# Stepping Down!!!



## astrid (Feb 10, 2003)

Dear All my Friends

Its taken me a few days to decide to write this post. But i have decided to step down as moderator on this lovely and fantastic board. This is because i now have to devote along of time to my studying, which is starting to get really busy. Also i can foresee that i am going to have alittle problem juggling them both....so i thought i best make a decision, which i can honestly say wasn't an easy one  ...
However, the good news is, I will be still on here as part of the gang....i ain't going to far from all the lovely girls who come on here. That have supported me through such dark and sad times. Also for all of you that have brought losts of support, friendship and giggles  . It wouldn't be fair to list everyone incase i miss anyone out, but you know who you are ..It hasn't all been all doom and gloom, because through IF i got to meet you all...Also the wonderful meet ups and i am now hooked, so please i want to be included.. 
A new moderator will be allocated sometime soon, so i will be still in full action.. 
I just want to say a big thankyou!!! 

lots of love astridx


----------



## Maggie Mae (Mar 2, 2006)

Asrid, 

Your supportive presence has been amazing. You don't need to thank us, WE need to THANK YOU!

I hope that you find the time to get everything you are committed to done, as well as carving out some time for you!!! None of it matters as much as you do. 

I'm glad you'll still be checking in, it wouldn't be the same without you....

Lots of love to you my amazing, inspiring friend...

MM xxxx


----------



## pipkin (Jan 14, 2005)

Astrid 

You know what, I am just so relieved that you are not going far and will still be _'part of the gang' _ - that's all that matters to me as it really wouldn't be the same without you 

As magae said, thank YOU for giving so much for so long. It can't have been easy to keep up with the board with such a demanding job and studies so hats off to you 

Now get back to those books and stop surfing 

Lots of love and hugs
Pipkin xxx


----------



## pink panther (May 4, 2005)

Astrid,
you've been the back-bone of this thread, and us for so long, I think there will always be part of me that will think of you as our 'mother superior'!! (as you are so angelic and serene!!)

Thank you so much for always being there for us all and glad that you still won't be far away.
Good luck with your studies-those diabetics won't know whats hit 'em  

Lots of love
pp xxx


----------



## jq (Nov 14, 2006)

Dearest Astrid,

Thank you so much for everything you have given to us all here.
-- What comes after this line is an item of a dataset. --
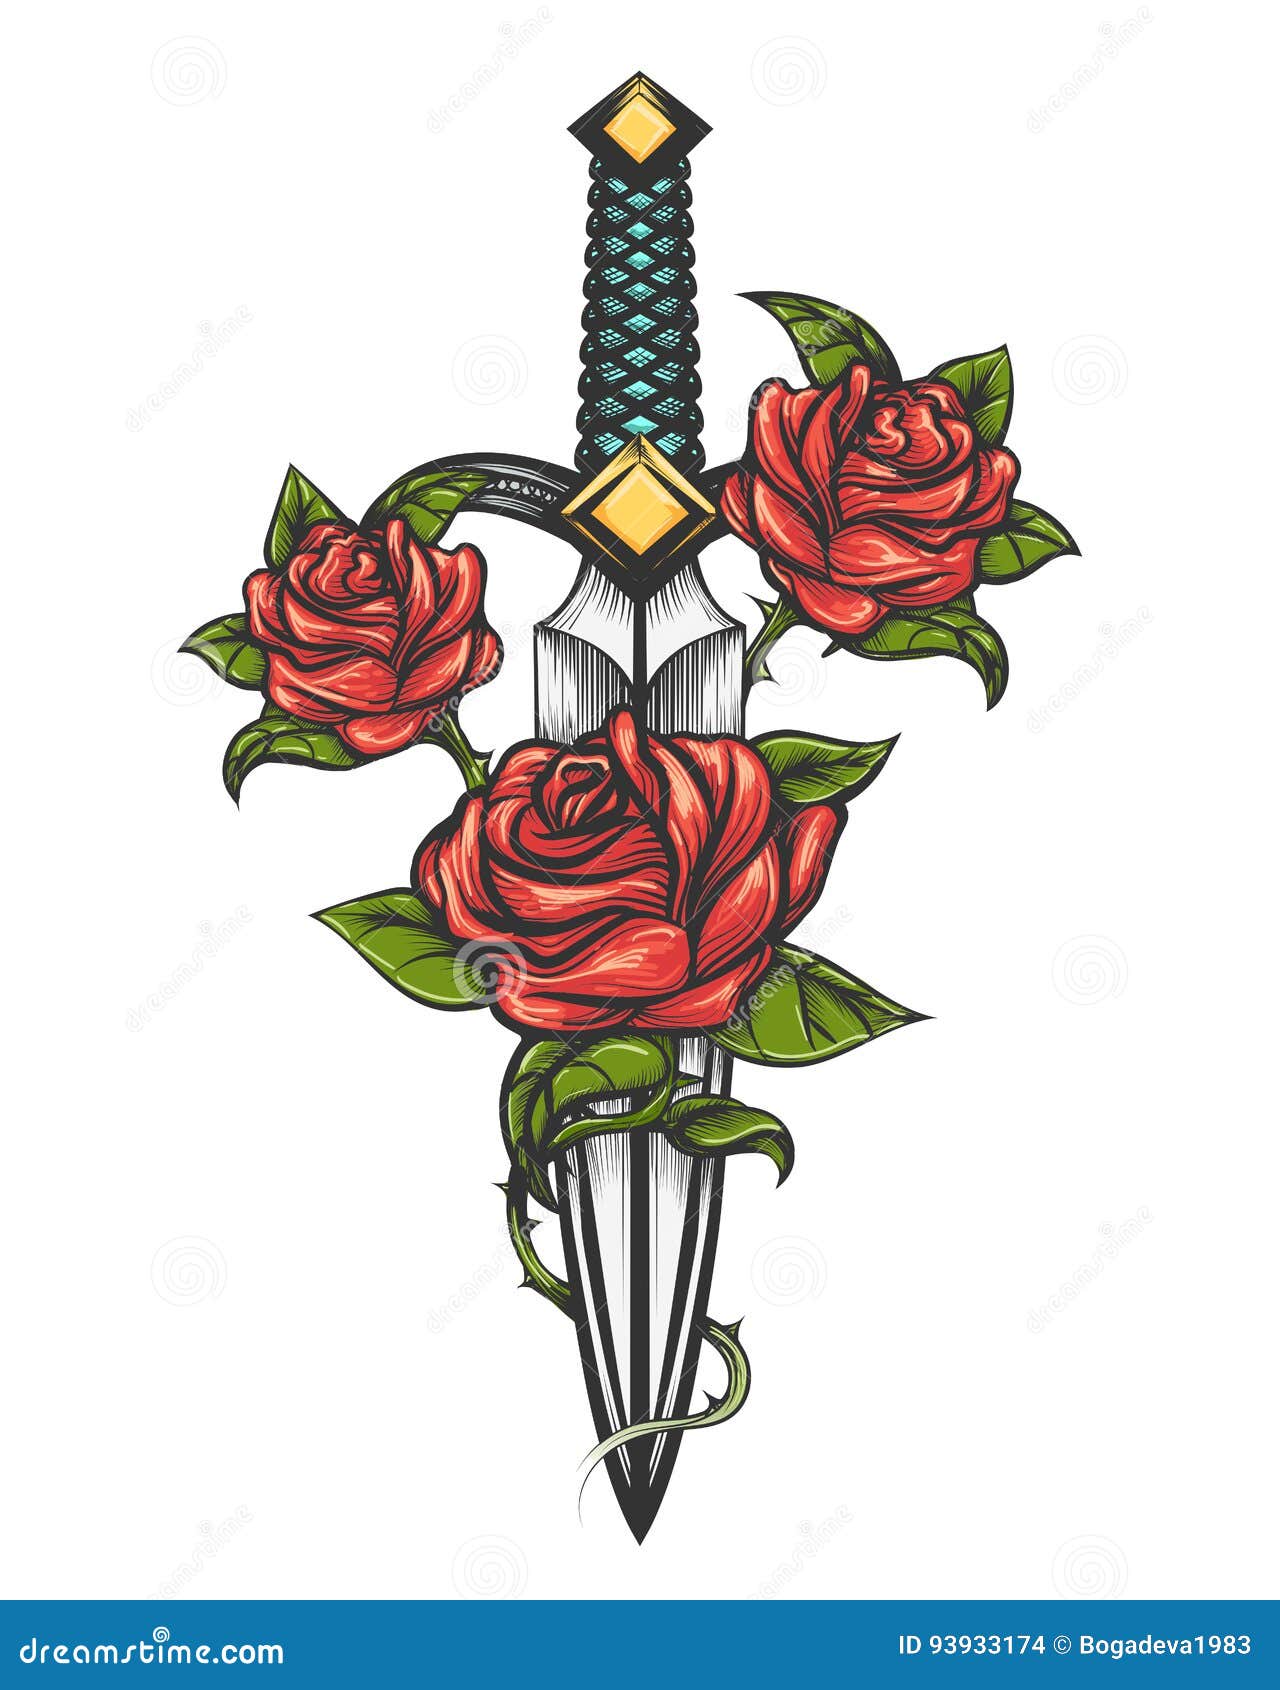 690 Sword And Rose Illustrations RoyaltyFree Vector Graphics  Clip Art   iStock
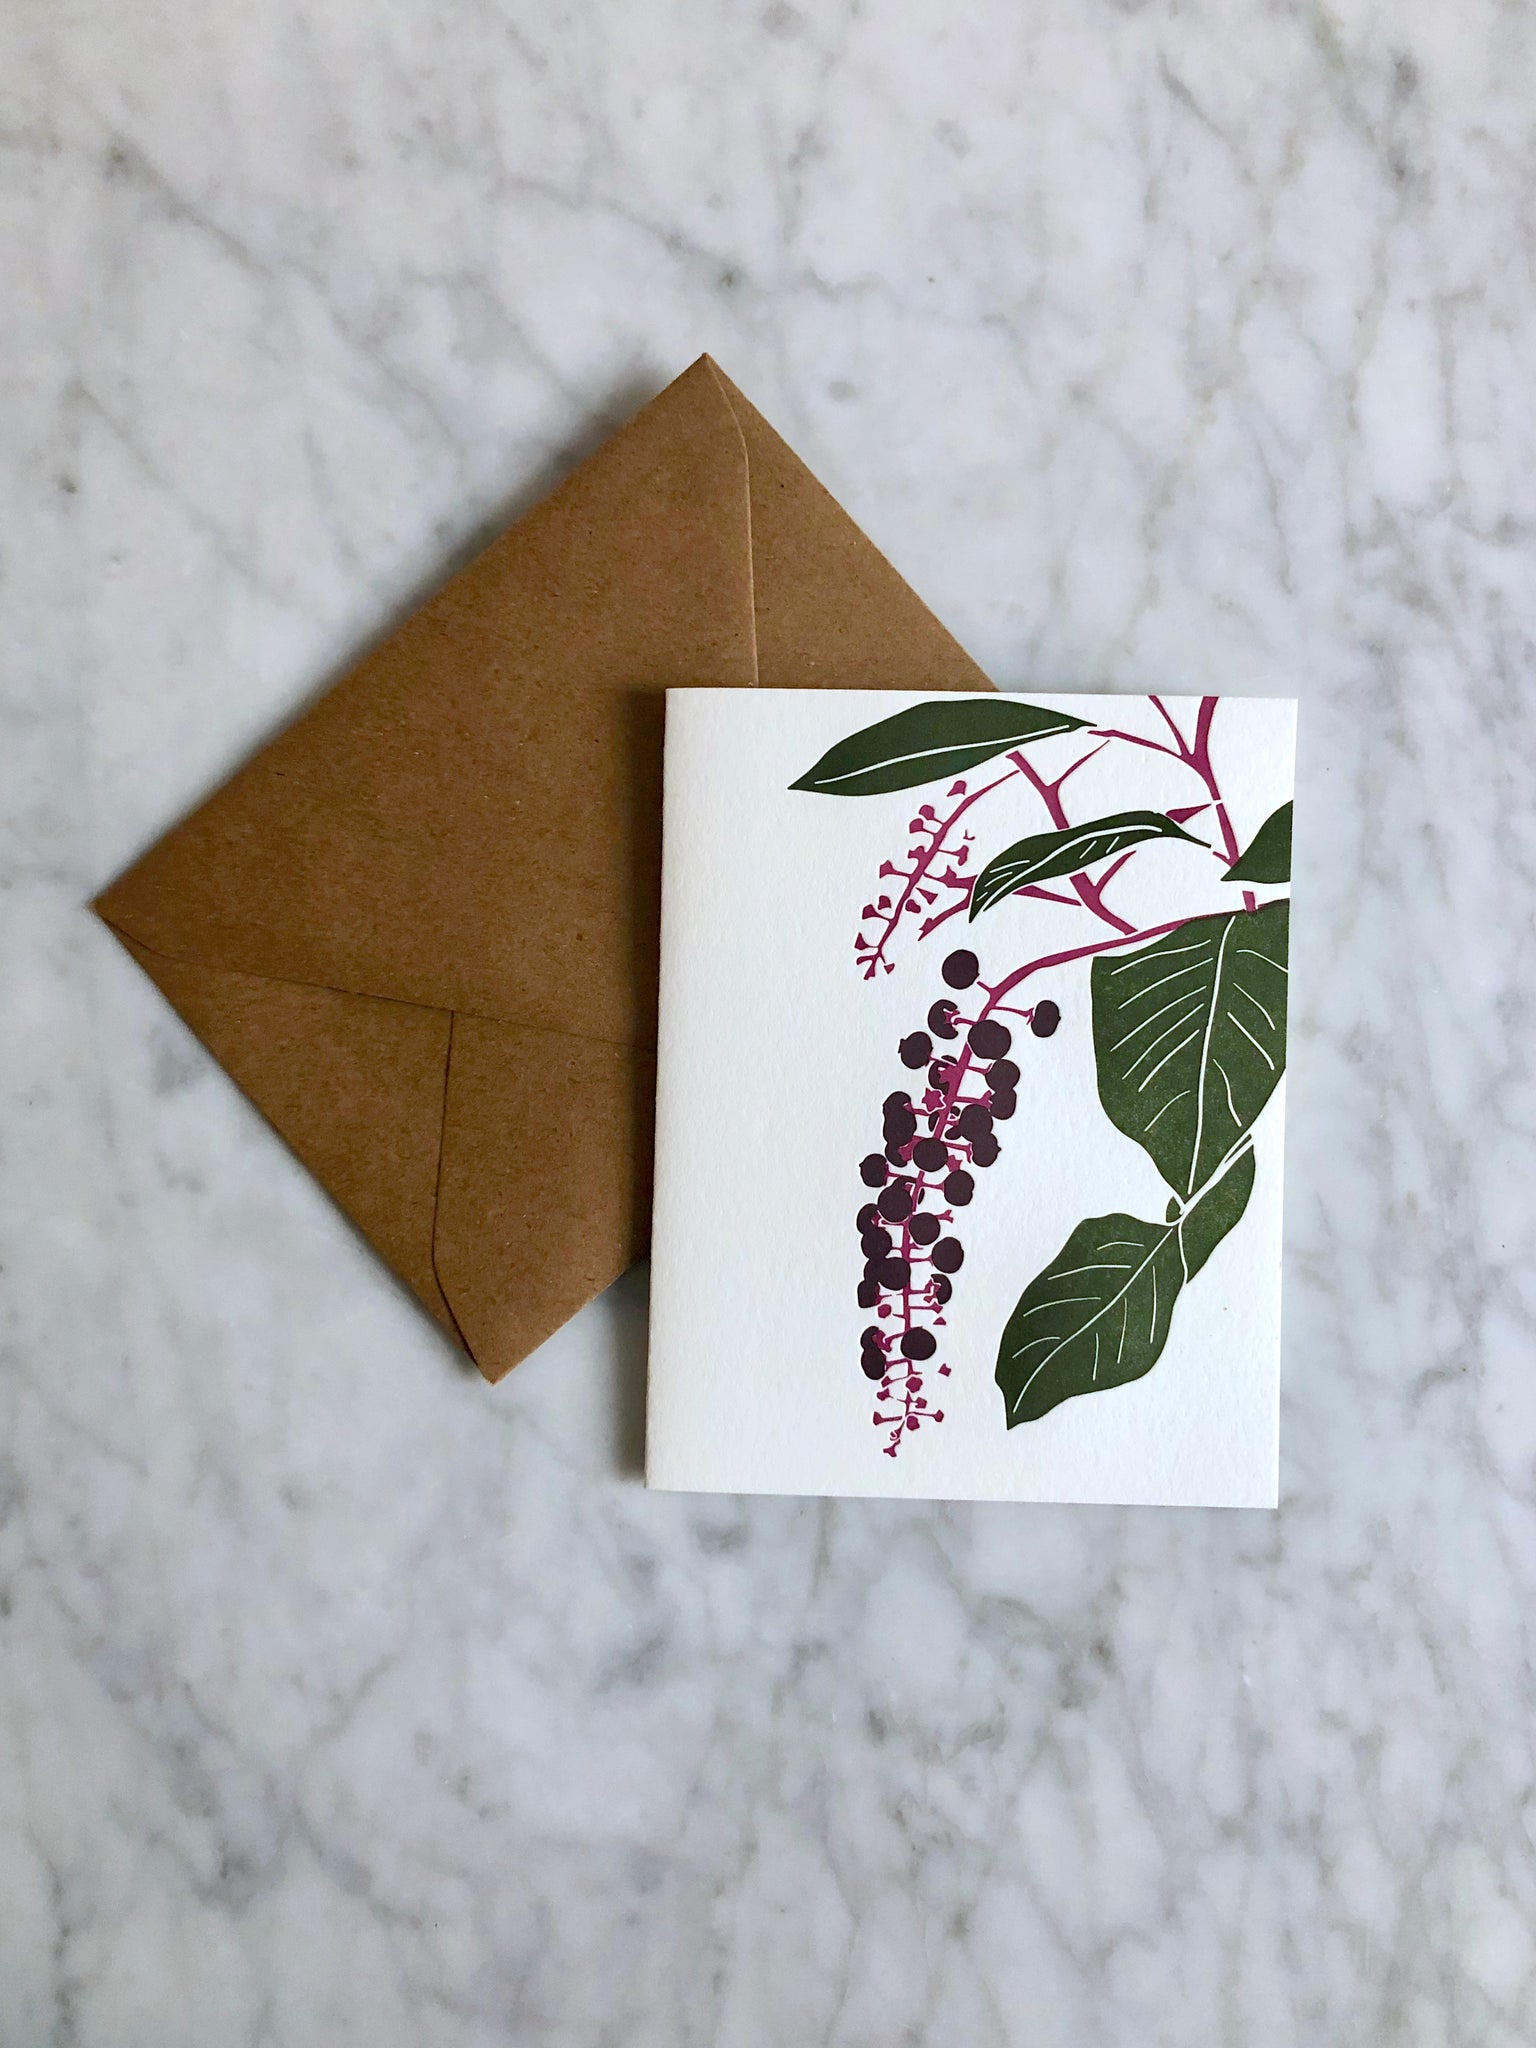 Letterpress Greeting Cards

You have been such a source of inspiration and a true friend.

For myself, I want to say I really appreciate your making me so welcome when I arrived on this site, and all your generous replies to my posts.

I am so glad you will be checking in on us all, so we don't have to say "we'll miss you."

I wish you well with the studies. I'm sure you need the time without moderator responsibilities to get on with the work, so you have made the right decision.

With lots of love to one of the most caring women I know. 

Jq xxx


----------



## irisheyes (Feb 2, 2005)

Hi Astrid,i sent you a pm. But i am glad to hear that you are staying on as a fellow "poster"!!! 

Good luck with your studies and toy have been brill as our leader for so long!!


----------



## Bangle21 (Dec 17, 2004)

Astrid,

What can I say that the others haven't already said so well...?

I don't think you realise just how much of an inspiration you've been to us all ( I  hope I speak for everyone!) and I also don't think you realise just how much you've done for many of the girls on here.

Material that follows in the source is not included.